The research question centers around establishing null and alternative hypotheses to investigate the potential correlation between total grade and final grade. Specifically, the analysis seeks to address the following inquiries:

  • Is there an observable association between students’ final grades and their total grades?
  • Do these variables display a noteworthy and statistically significant correlation?

Null Hypothesis (H0)

There is no empirical evidence of a linear correlation between total grade and final grade in this study.

The Alternative Hypothesis (HA)

The alternative hypothesis for the study proposes that there is a strong potential for a linear association between students’ overall grade point average (GPA) and their final grade in the course, as stated in the alternative hypothesis. The current inquiry, along with the null and alternative hypotheses, is framed to examine the correlation between GPA and performance on Quiz 1. RSCH FPX7864 Assessment 2 Correlation Application and Interpretation

Research Question

The research question guiding the study concerns whether there is a statistically significant relationship between students’ GPA and their scores on Quiz 1.

The Null Hypothesis (Ho)

the null hypothesis states that there is no discernible linear correlation between a student’s GPA and their performance on Quiz 1. It implies no straightforward relationship between these two variables. However, the alternative hypothesis contends that there is compelling evidence of a linear correlation between students’ GPA and their grades on Quiz 1.

The Alternative Hypothesis (HA)

Empirical data substantiates the existence of a linear correlation between the academic performance metric denoted as students’ GPA and the scores obtained in the initial quiz “Quiz 1.”

Testing Assumption

Descriptive Statistics

The analysis examined the skewness and kurtosis values for GPA and final exam scores to characterize their distributions and evaluate the normality assumption. Skewness measures asymmetry in distribution, with negative values indicating leftward skew and positive values reflecting rightward skew. Kurtosis assesses peakedness relative to a normal distribution, with negative values suggesting a flatter distribution and positive values indicating more pronounced peaks.

RSCH FPX7864 Assessment 2 Correlation Application and Interpretation

The GPA showed a skewness of -0.220 and a kurtosis of -0.688, indicating mild negativity. Final exam scores exhibited a skewness of -0.341 and kurtosis of -0.277, also reflecting mild negativity (Siegel & Wagner, 2022). These values fall within acceptable ranges for skewness and kurtosis, supporting the normality assumption. The measurements do not contradict the assumption of normality (Siegel & Wagner, 2022). More comprehensive normality diagnostic tests, like normal probability plots or the Shapiro-Wilk test, are needed to validate normality fully. The descriptive statistics indicate the data follows a normal distribution, as skewness values between -0.5 and 0.5 align with expectations for a normal distribution when skewness is between -1 and 1, which confirms conformity to a normal distribution and suggests valid parameter comparisons given appropriate use.

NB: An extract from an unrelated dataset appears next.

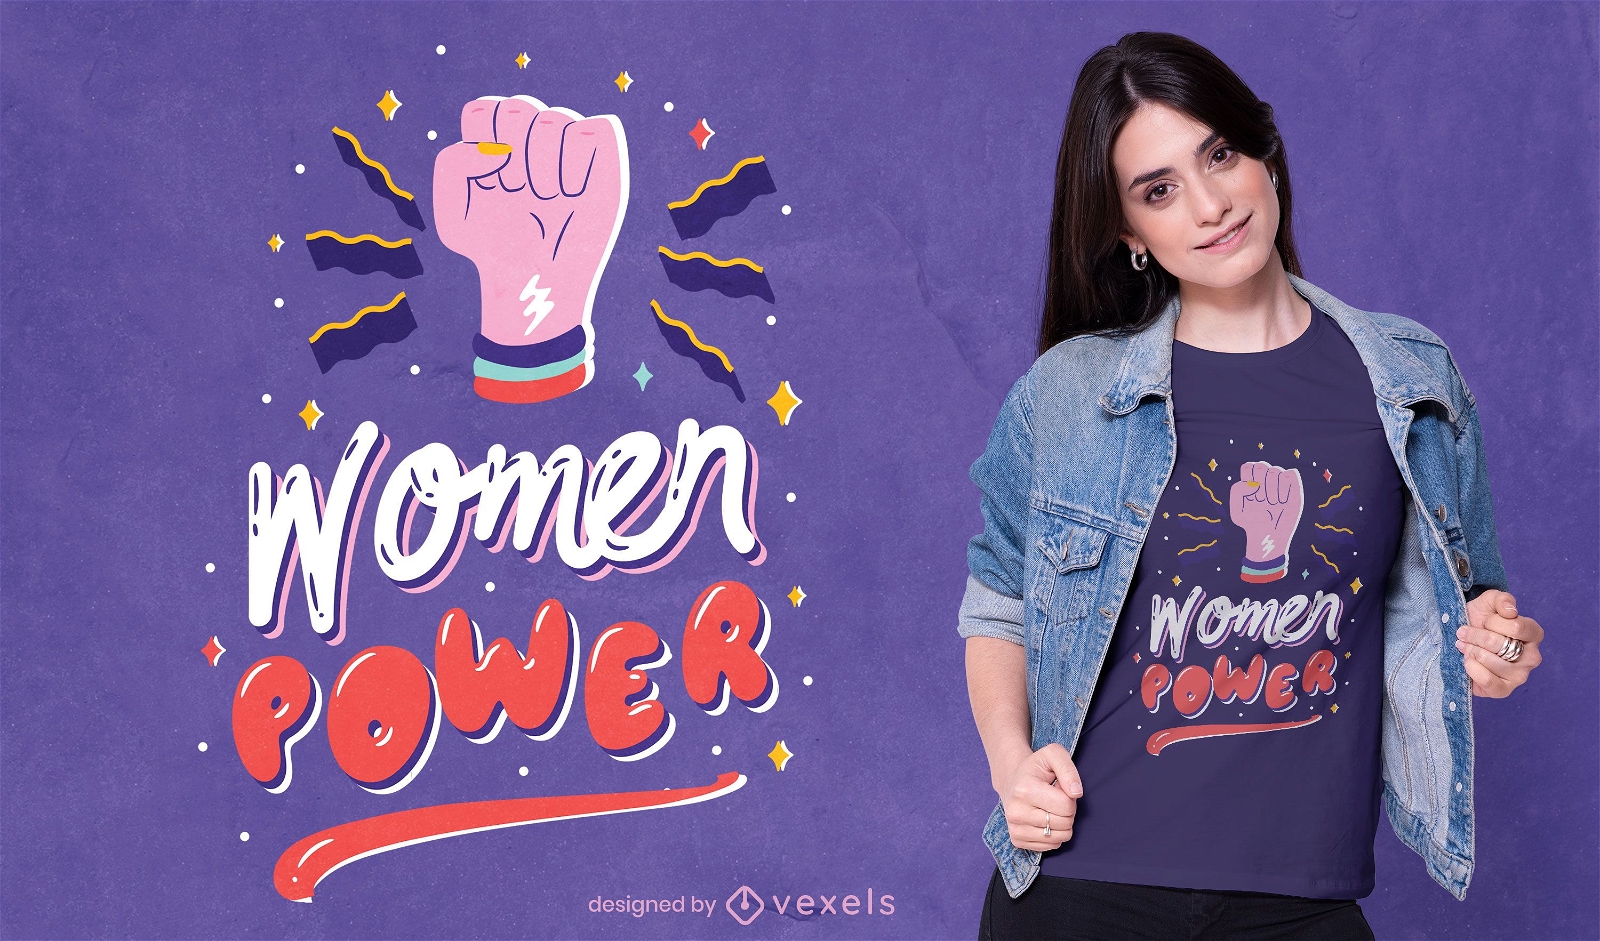 Dise?o de camiseta feminista de poder femenino.

Additionally, accurate representation of both tails of the bell curve further supports normality (Shu & Ye, 2023).

Results and Interpretation

 Correlation Between the Variables

A correlation matrix analysis was conducted to evaluate the interrelationships among four principal variables: GPA, Quiz 1 score, total course grades, and final grades (RSCH FPX7864 Assessment 2 Correlation Application and Interpretation). The statistical techniques implemented provide substantial evidentiary support for the proposition that a positive association exists between higher final grades and superior academic achievement, as corroborated by the findings from the correlation matrix. Moreover, the evidence substantiates the rejection of the null hypothesis. Notably, the predetermined threshold for statistical significance, denoted Alpha (α), was established at 0.05.

The Pearson correlation coefficient (r) obtained in the study was a robust 0.88, while the corresponding p-value was a remarkably low 0.001. The result indicates a strong, positive linear relationship between final grades and total grades, suggesting that as total grades increase, final grades exhibit a proportional increase. The magnitude of the association is further emphasized by the correlation coefficient of 0.88. Therefore, these results definitively demonstrate a substantial linear association between final grades and total grades, leading to the rejection of the null hypothesis in favor of the alternative hypothesis (Aubinet, 2023).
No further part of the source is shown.